Mike bursts into laughter, partially at the boy’s nonchalant attitude toward his own death, but mostly because of all the tension he’d kept roiling around in him.

“You’re fucking nuts, you know that kid?” Mike says, wiping away a tear of mirth. Daniel, predictably, shrugs it off.

“I’m going to hang out at your place for a while. You got a PS2?” Daniel says to him, and Mike is momentarily stunned before replying,
“Of course. Knock yourself out,” Mike laughs. Celia and Daniel wonder off, finally leaving Mike alone to his work. He sits down and tries to piece together what he’s learned about them, the dead, or the not quite living, or undead—whatever you’d prefer to call them. He thinks they are very much like people, only more screwed up with less assistance, and chronically lonely.

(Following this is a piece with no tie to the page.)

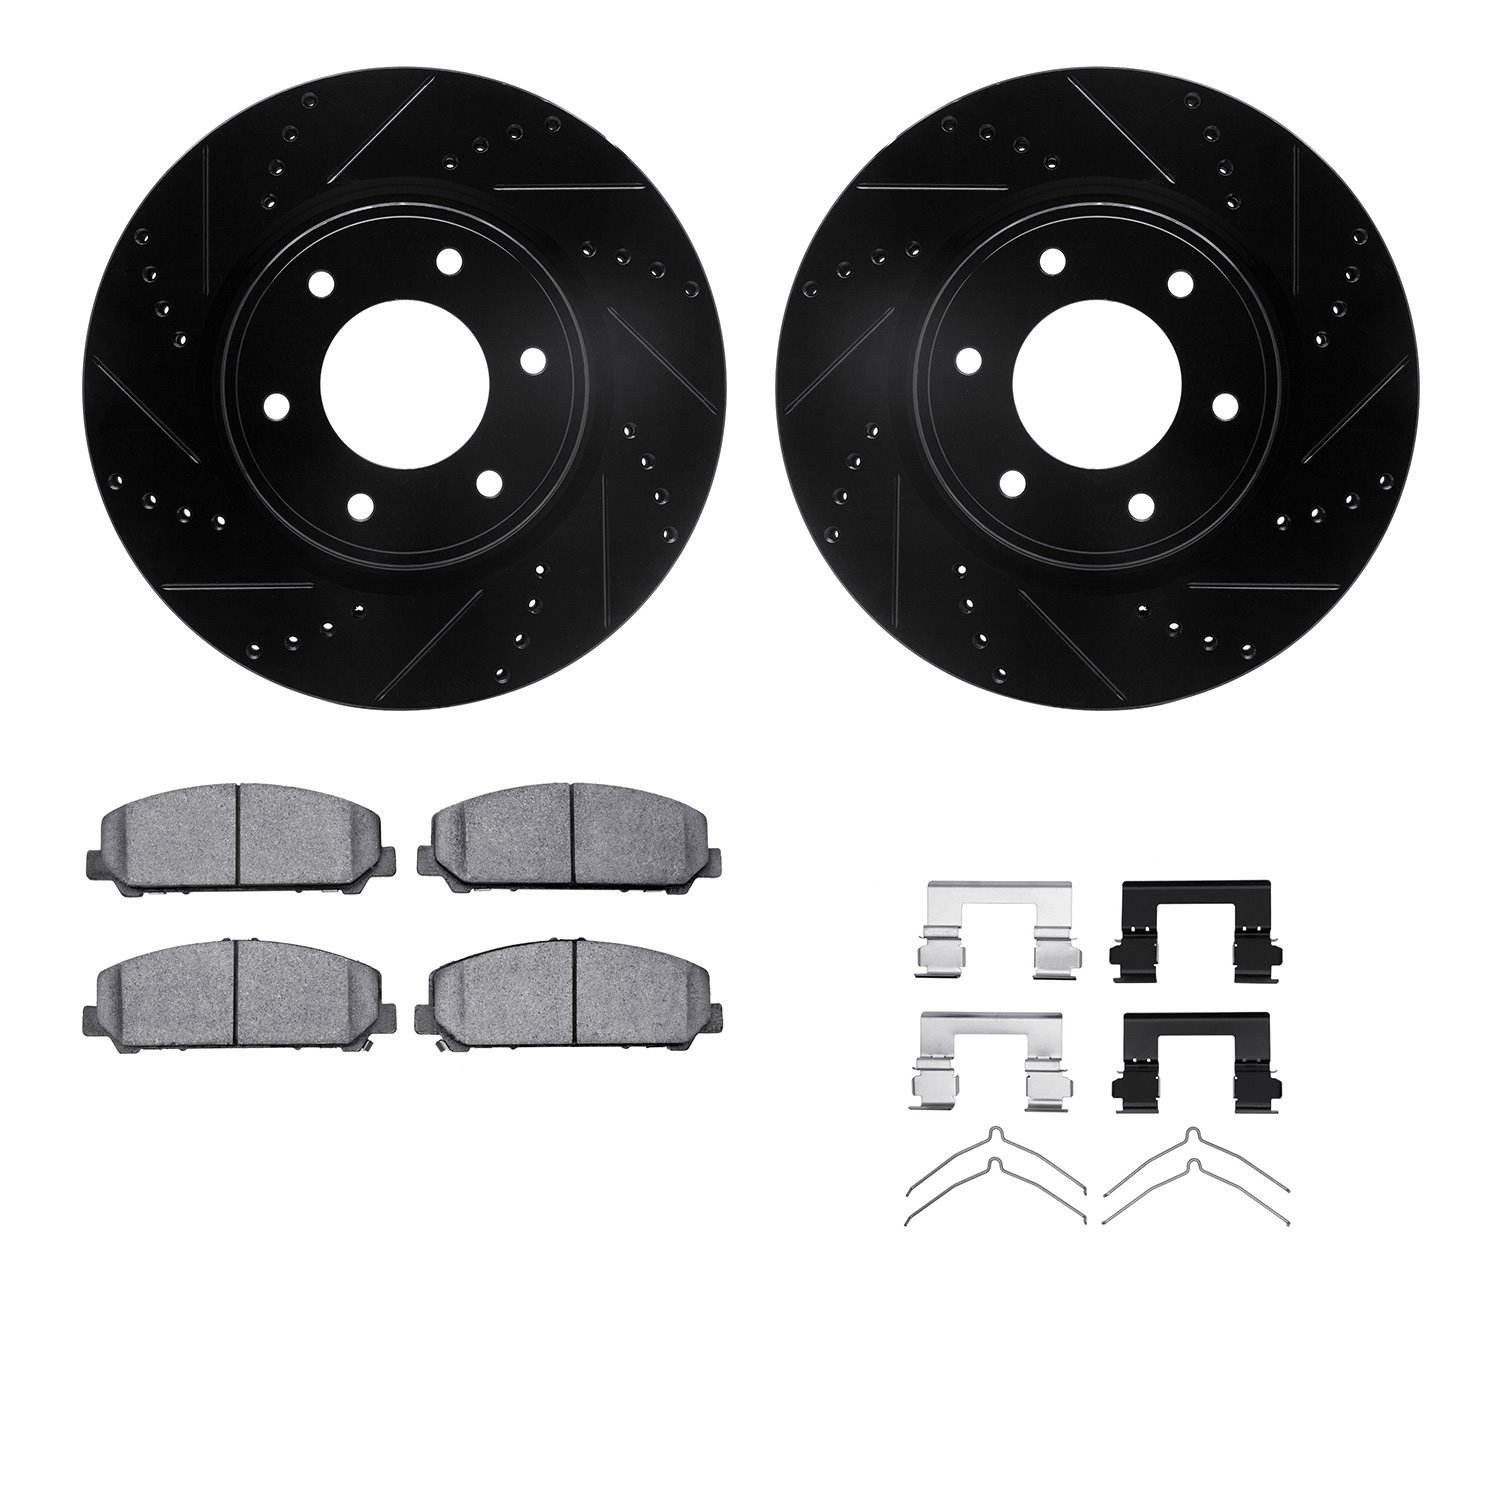 8412-67005 Drilled/Slotted Brake Rotors with Ultimate-Duty Brake Pads Kit & Hardware [Black], Fits Select Infiniti/Nissan, Posit

Perhaps this Daniel was clinging to him from lack of a father figure in his past life. Mike sighs and turns the page. There would be plenty of time for insane ramblings of ghosts, but now was the time for work—work with real people who had real problems. People like himself.
There’s a light knock at the door and a woman’s voice,

“Mr. Chambers? I have an appointment.”